Opening doors
So I've just come back from Startup Weekend MEGA in San Francisco. Hosted at the Microsoft campus in Mountain View, it was a high energy, intense 3 days of building companies from the ground up.
Anyway, as I dozed on the train from SF to Seattle passing through some of the most beautiful scenery i've seen in the whole world, (I had to take the train because I lost my passport a while ago so I can't fly anywhere - I know, totally stupid, who looses their own passport?!!) I started to recall my week in SF.
I managed to get myself invited to a private Verizon hackathon (verizon is one of America's biggest mobile networks), be invited to a private 'startup crawl' hosted by Zaarly (one of the hottest new startups in the US), was invited to dinner at the home of one of the board for MIT/Stanford Venture Lab, have intimate casual drinks and an invitation to Paris from the inventor of the concept of internet security, meet a developer who could transform my own company, be invited to Facebook's most recent launch party and met countless CEO's, VC's etc etc etc
Anyway, my point isn't to trumpet a succssful week of networking. Rather to analyse why I (a humble no-name) managed to end up in situations many would pay good money to be in. I've boiled it down to two things: the 'Kauffman scholar' tagline which appeared to give me instant credibility and secondly the way I approached new encounters.

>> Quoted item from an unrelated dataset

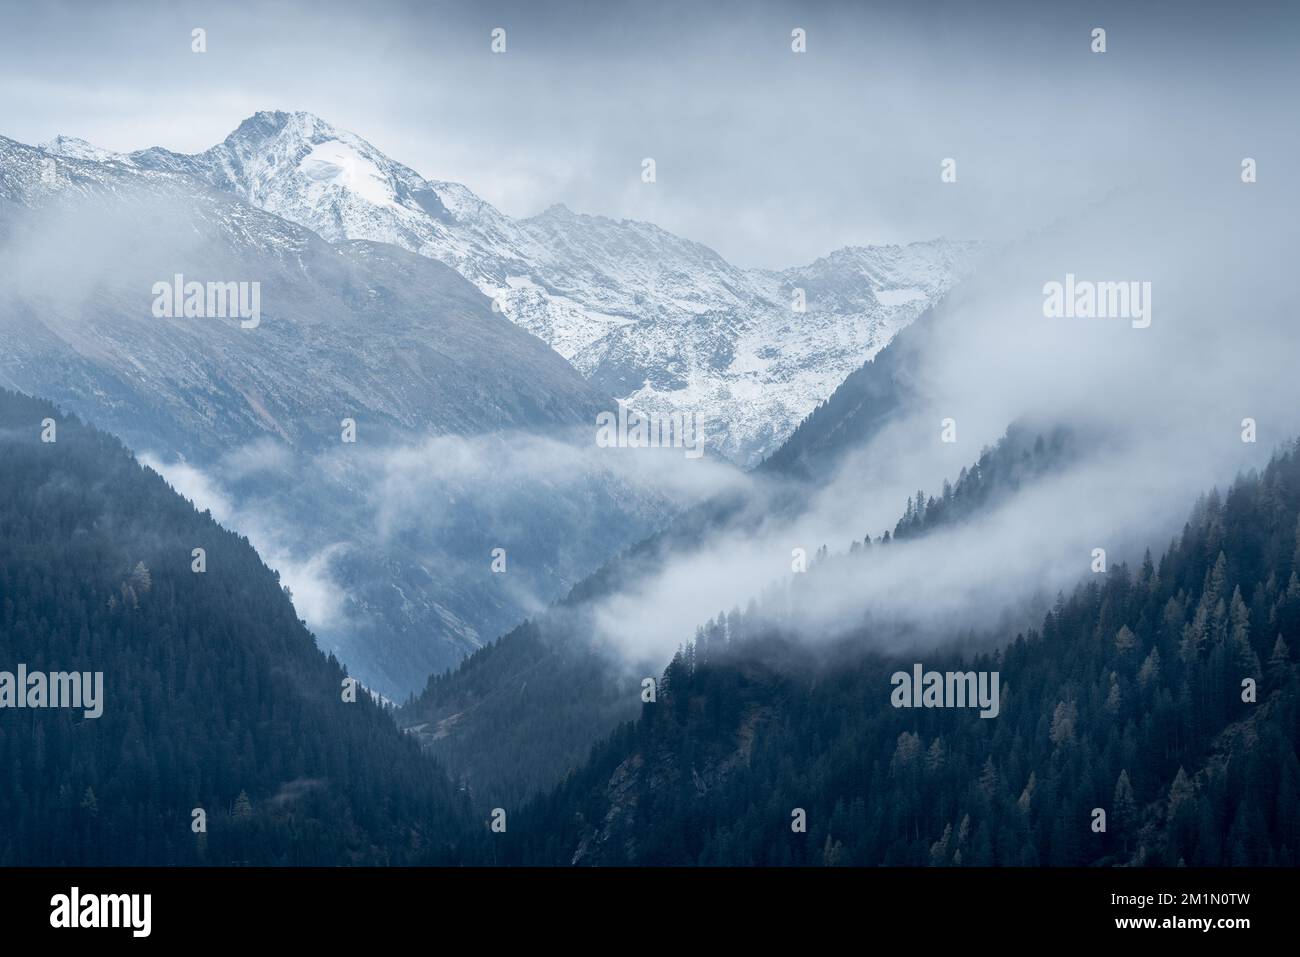 Dreiherrnspitze, Picco dei Tre Signori mountain in the back with dramatic mountain slopes on a cloudy and rainy day in Austrian-Italian Alps. Snow and Stock Photo

Rather than think about what I could get out of people, I asked what I could give/do for them. Now, i'm not in a position of authority, I don't have a big network and I would hardly consider myself as having anything of value to give. But as it turns out I did, some of my most beneficial introductions came about by simply acting as a courier between Seattle and San Francisco. I offered to take things to SF for friends of friends. The gratitude I received in return came laden with open invitations to this, that or the other. There were other things I could offer, like introductions to people at Kauffman, a free house in the UK whenever they were passing through or even just buying coffee.
The thing I realised was that if I stopped worrying about how I might benefit from them and instead worried about how I could help them, then the returns were much bigger. So thats the lesson I learned this week. If you want doors to be opened for you - start opening doors for other people first.